··· Data segment ···

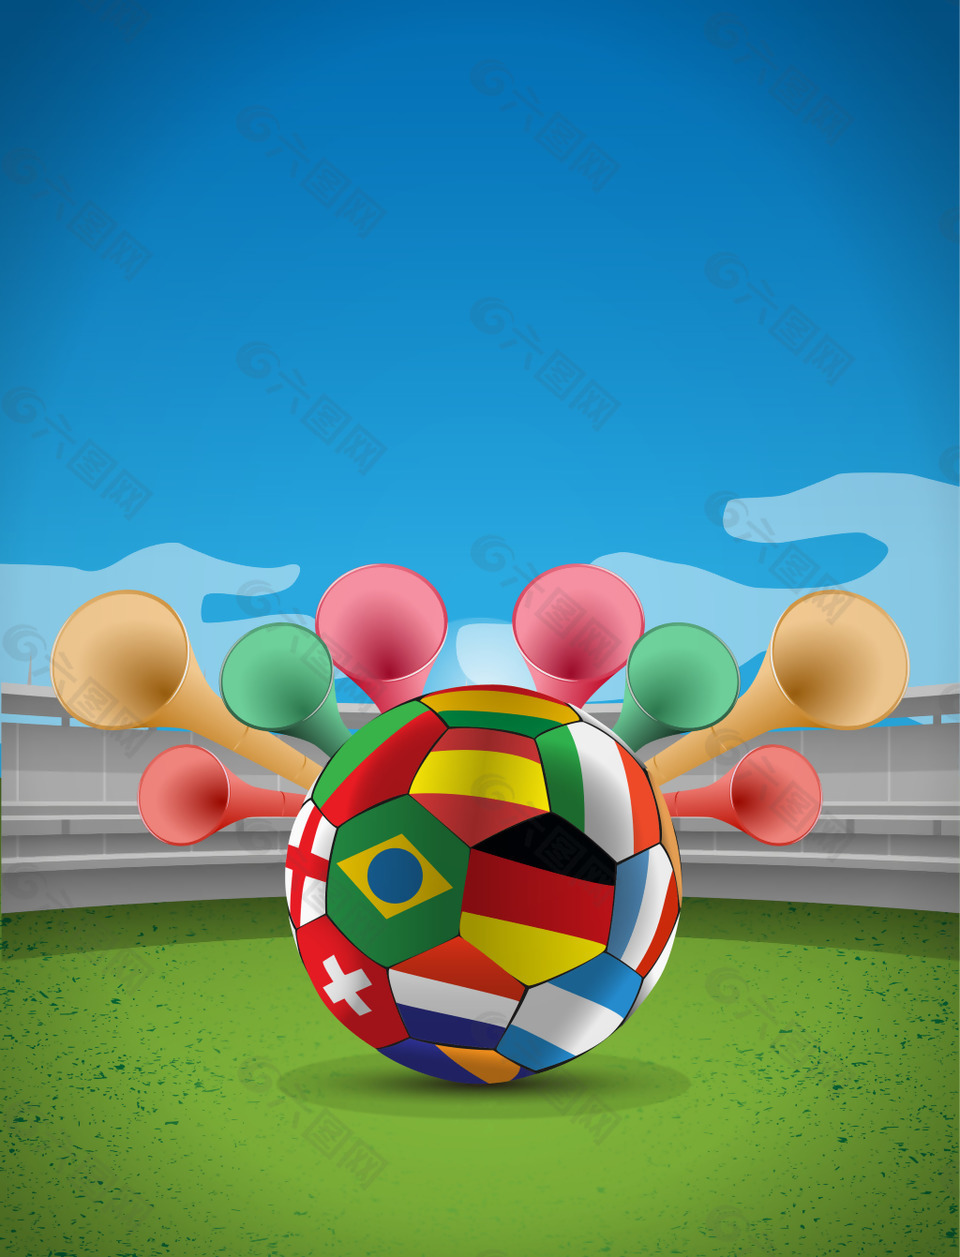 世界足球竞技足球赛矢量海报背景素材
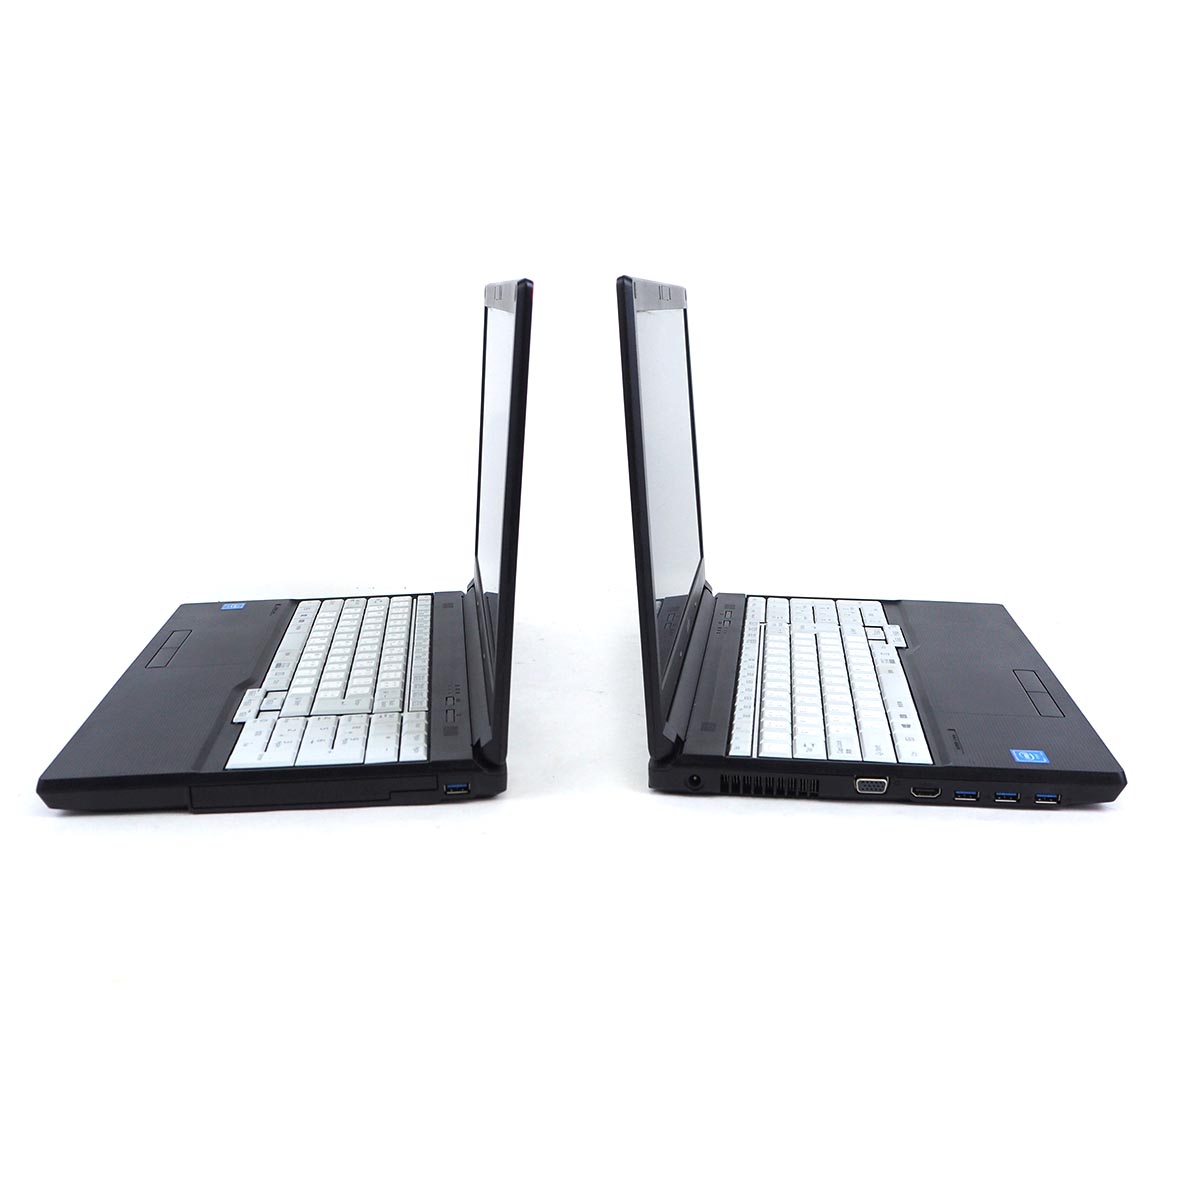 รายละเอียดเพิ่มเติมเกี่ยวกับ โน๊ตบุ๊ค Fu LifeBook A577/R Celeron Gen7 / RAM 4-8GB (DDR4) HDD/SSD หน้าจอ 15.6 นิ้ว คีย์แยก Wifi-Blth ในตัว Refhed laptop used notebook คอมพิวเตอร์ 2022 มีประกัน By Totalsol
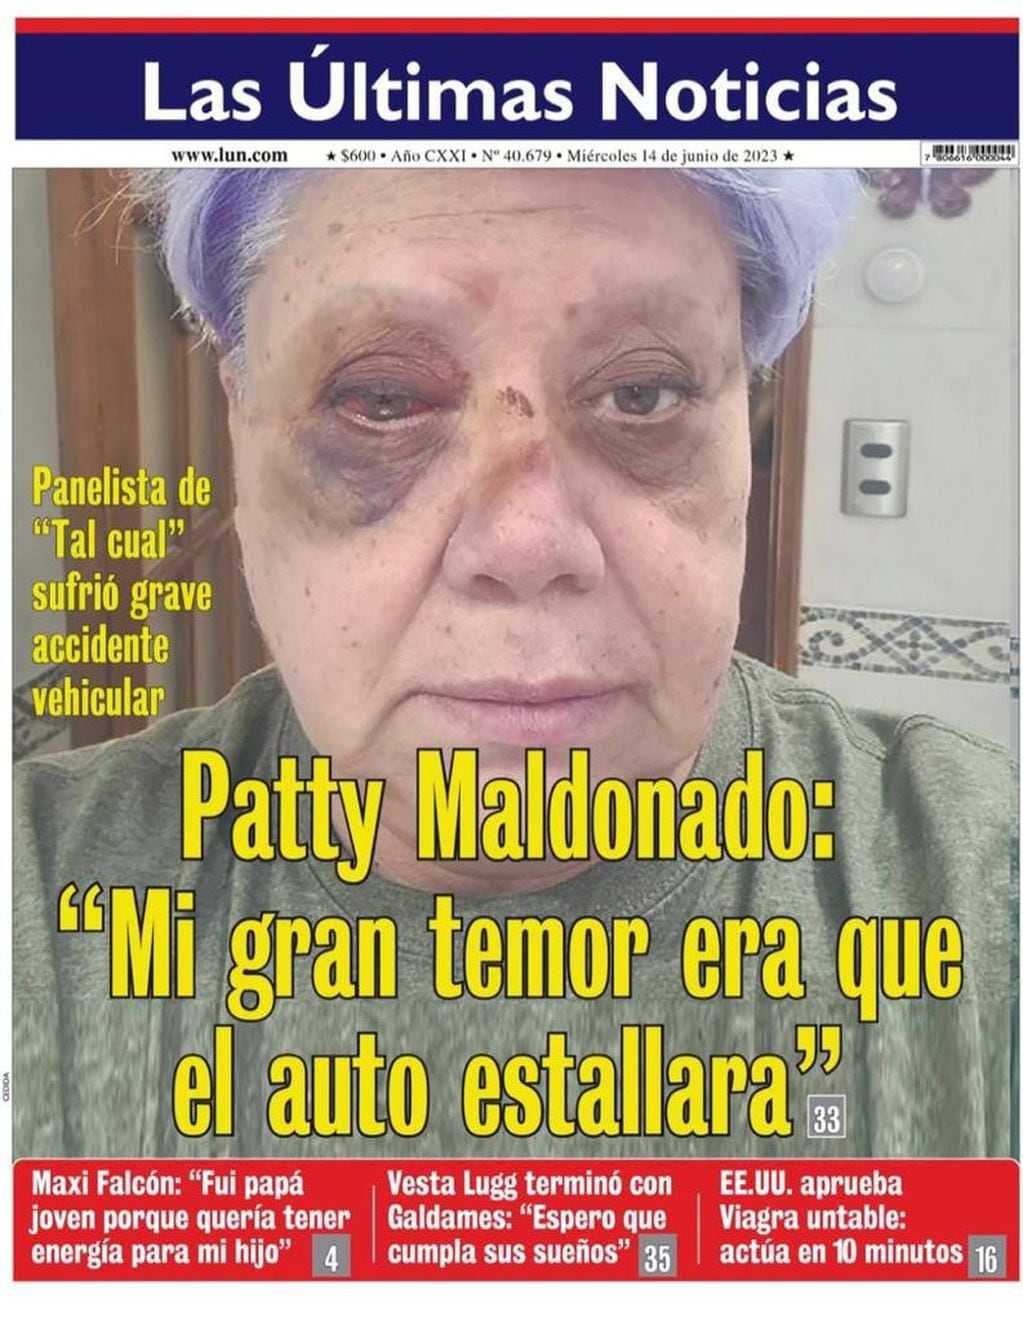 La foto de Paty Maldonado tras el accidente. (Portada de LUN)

···

Once the pictures are removed, copy the listing exactly.

 世界足球竞技足球赛矢量海报背景素材
 รายละเอียดเพิ่มเติมเกี่ยวกับ โน๊ตบุ๊ค Fu LifeBook A577/R Celeron Gen7 / RAM 4-8GB (DDR4) HDD/SSD หน้าจอ 15.6 นิ้ว คีย์แยก Wifi-Blth ในตัว Refhed laptop used notebook คอมพิวเตอร์ 2022 มีประกัน By Totalsol
 La foto de Paty Maldonado tras el accidente. (Portada de LUN)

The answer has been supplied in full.